Transferring assets in or out of your self-managed super fund (SMSF) is a common strategy used to retain that asset in its actual form, without having to convert it to cash. This type of transfer is commonly called an ‘in-specie transfer’ or an ‘off-market transfer’.
In this case study, we will consider the benefits of transferring personally held direct shares into an SMSF and the intricacies behind it.
First, let’s understand some of the benefits of this strategy:
- Jim and Ann won’t have to sell the shares and convert them to cash in order to transfer the funds into their SMSF.

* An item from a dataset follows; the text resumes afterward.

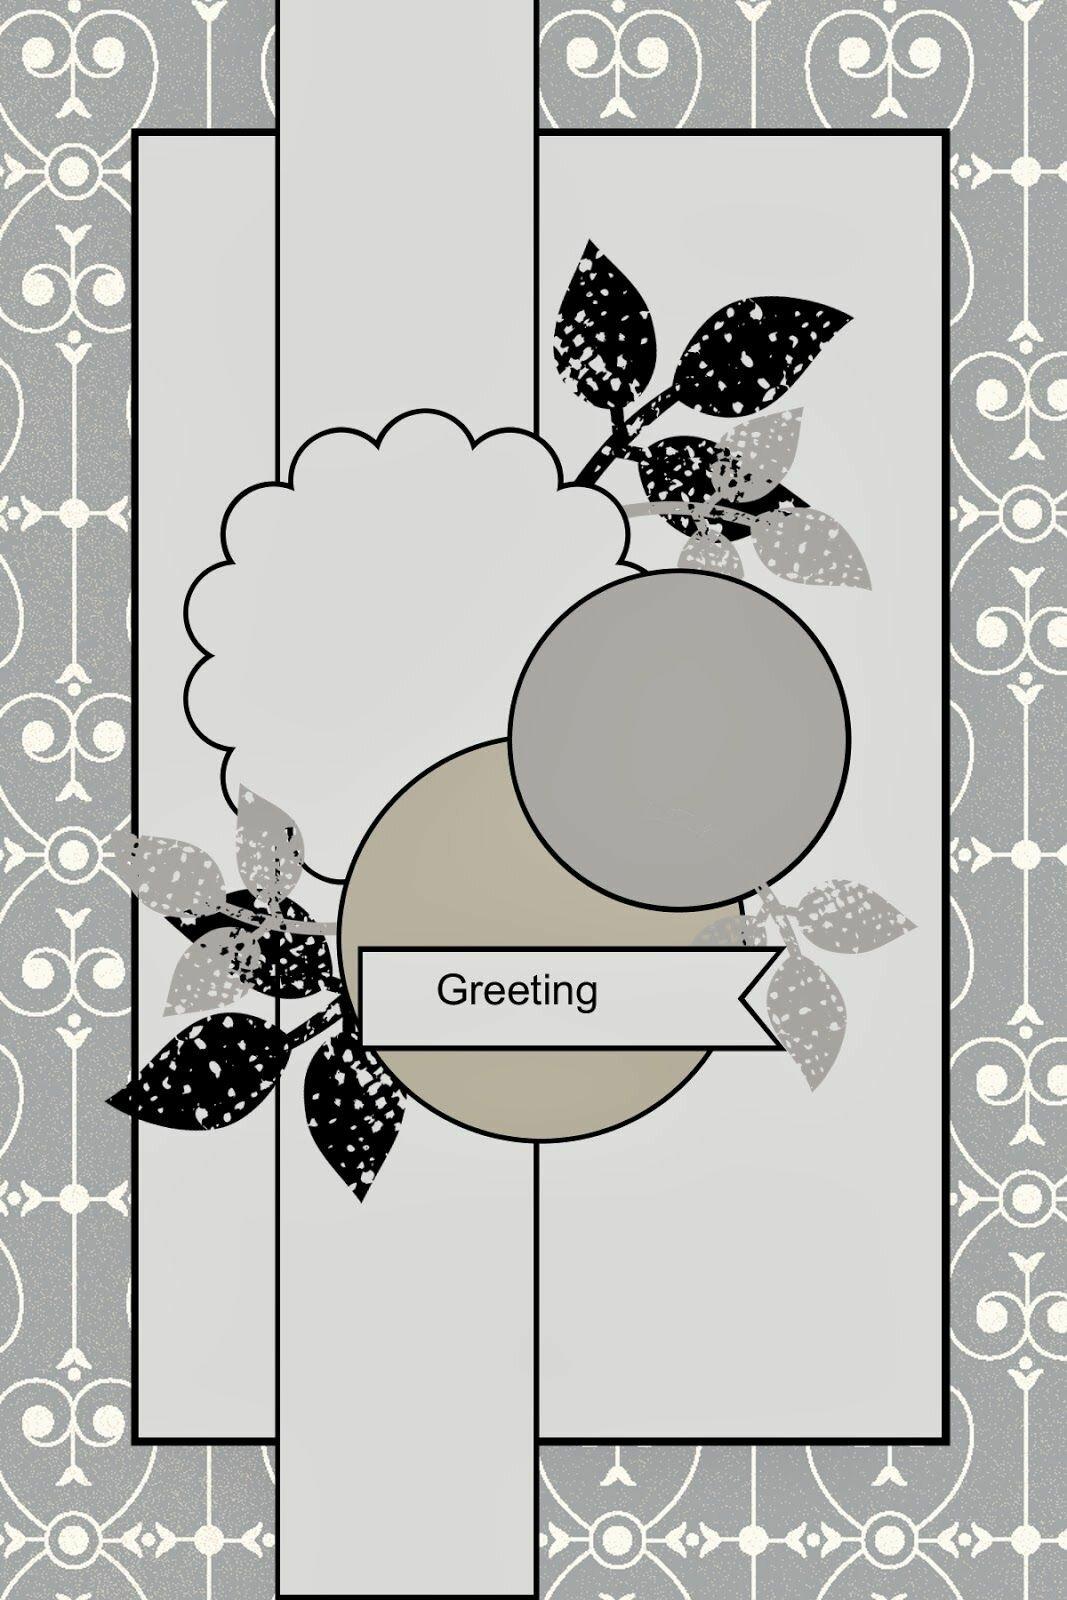 скетчи открыток для скрапбукинга с примерами

- An in-specie transfer is considered a capital gains event as the shares are transferred from personal ownership to the SMSF’s ownership. So, by transferring their personal shares after they retire, any capital gains will be taxed at Jim and Ann’s marginal tax rate at that time, which will be minimal as they won’t have any employment income.

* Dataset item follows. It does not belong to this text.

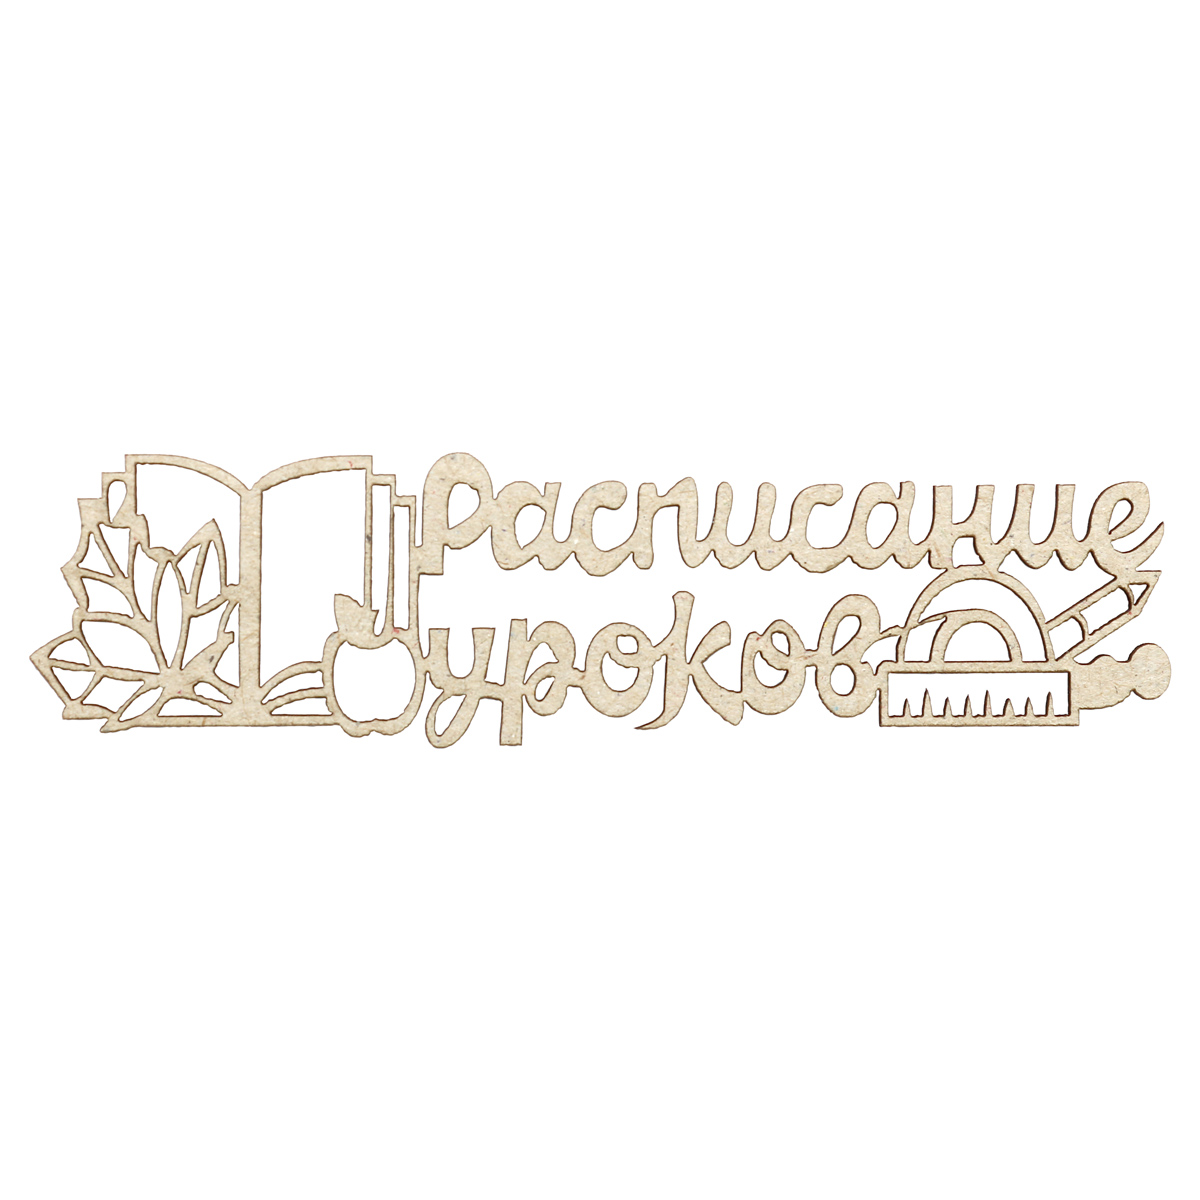 ВК-108 Декоративный элемент 'Расписание уроков'8,5*2,2см Астра

- While they are working, their SMSF is in the accumulation phase. Once they cease employment at 60, they will meet a condition of release allowing them to convert their super into the retirement phase.
- Currently, any income (such as dividends) and capital gains earned by the shares are taxed at Jim and Ann’s marginal tax rate (in their case, it is 45% plus Medicare). Once the shares are transferred into the SMSF, any income and capital gains will be taxed at a concessional rate of 15% while Jim and Ann are in accumulation phase and will be fully tax free once they are in retirement phase.

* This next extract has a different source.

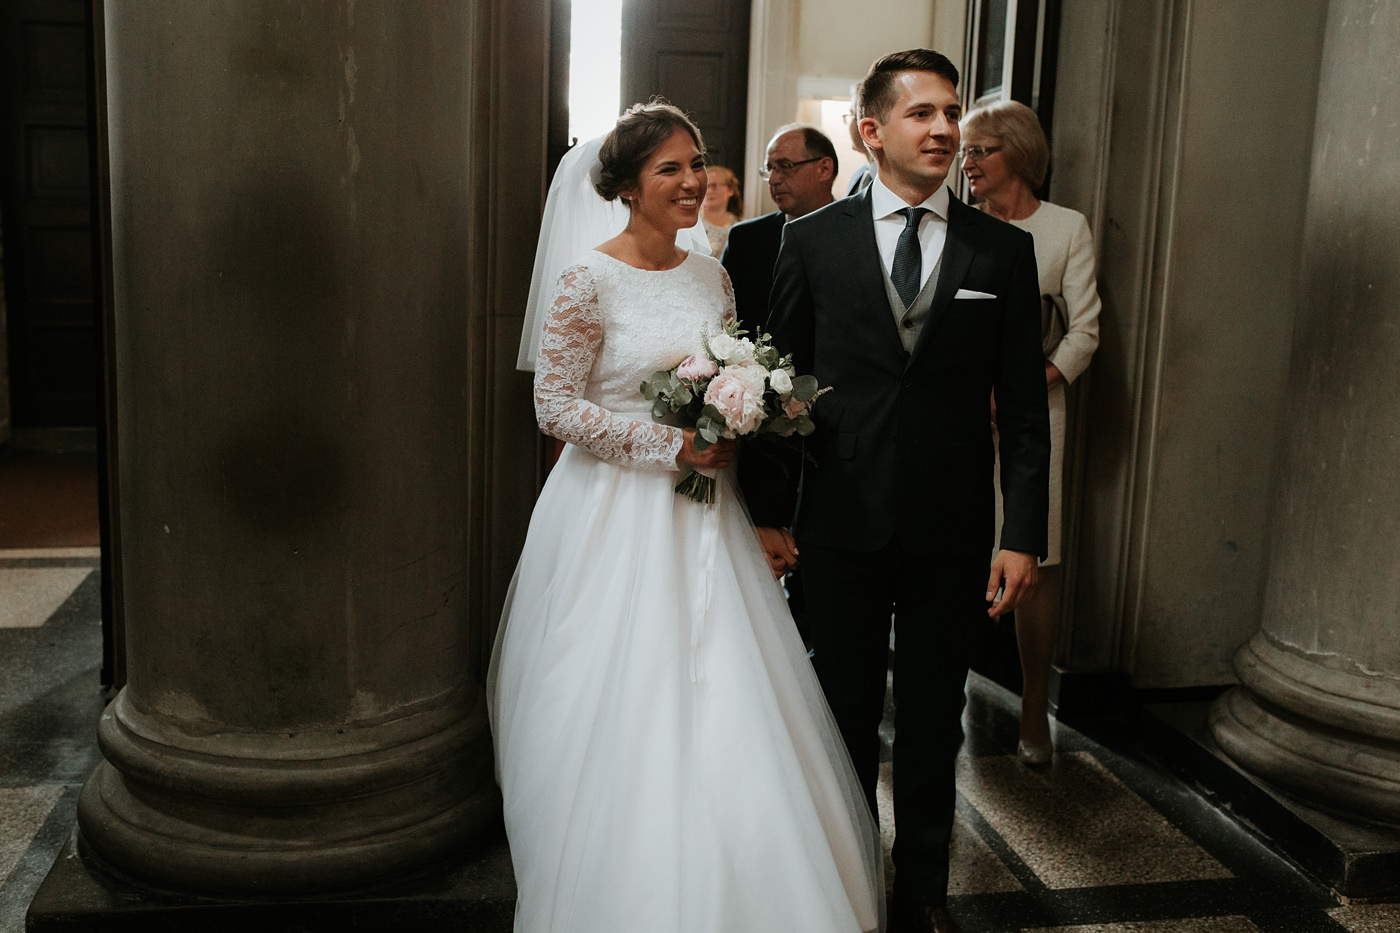 Dominika & Aleksander - Rustykalne wesele w stodole - Baborówko 45

Secondly, let’s understand the trips and traps of this strategy:
- As stated earlier, an in-specie transfer may trigger a capital gains event if the personal shares are sold at a higher purchase value to their SMSF. For example, if they personally bought CBA at $50 per share originally and are transferring their holding (by selling it) to their SMSF when CBA’s share price is $100, there will be a capital gain of $50 per share. However, say they personally bought BHP at $45 and are transferring it into their SMSF at $38 per share, there will be a capital loss of $7 per share.
- The date of execution of the transfer form is of utmost importance as the market value of the shares on that date will be considered for capital gains/loss purposes.
- Most share brokerage companies charge a fee per transfer. So, if Jim and Ann owned shares in 20 companies and the fee is $60 per transfer, they will incur a fee of $1,200.
Lastly, let’s understand the practicality of implementing this strategy:
- Jim and Ann will trigger the bring-forward rule by making the maximum non-concessional contribution of $330,000 each into their SMSF. This will allow them to transfer the full $660,000 worth of shares.
- Jim and Ann will have to complete and sign a transfer form (usually called an off-market transfer form) and submit to their SMSF’s share broker/investment account manager.
- The shares will be transferred into the SMSF’s broking account and will count towards Jim and Ann’s member balances in the SMSF. This in turn may affect their transfer balance caps (the maximum amount they can each transfer into retirement phase), currently $1.7 million.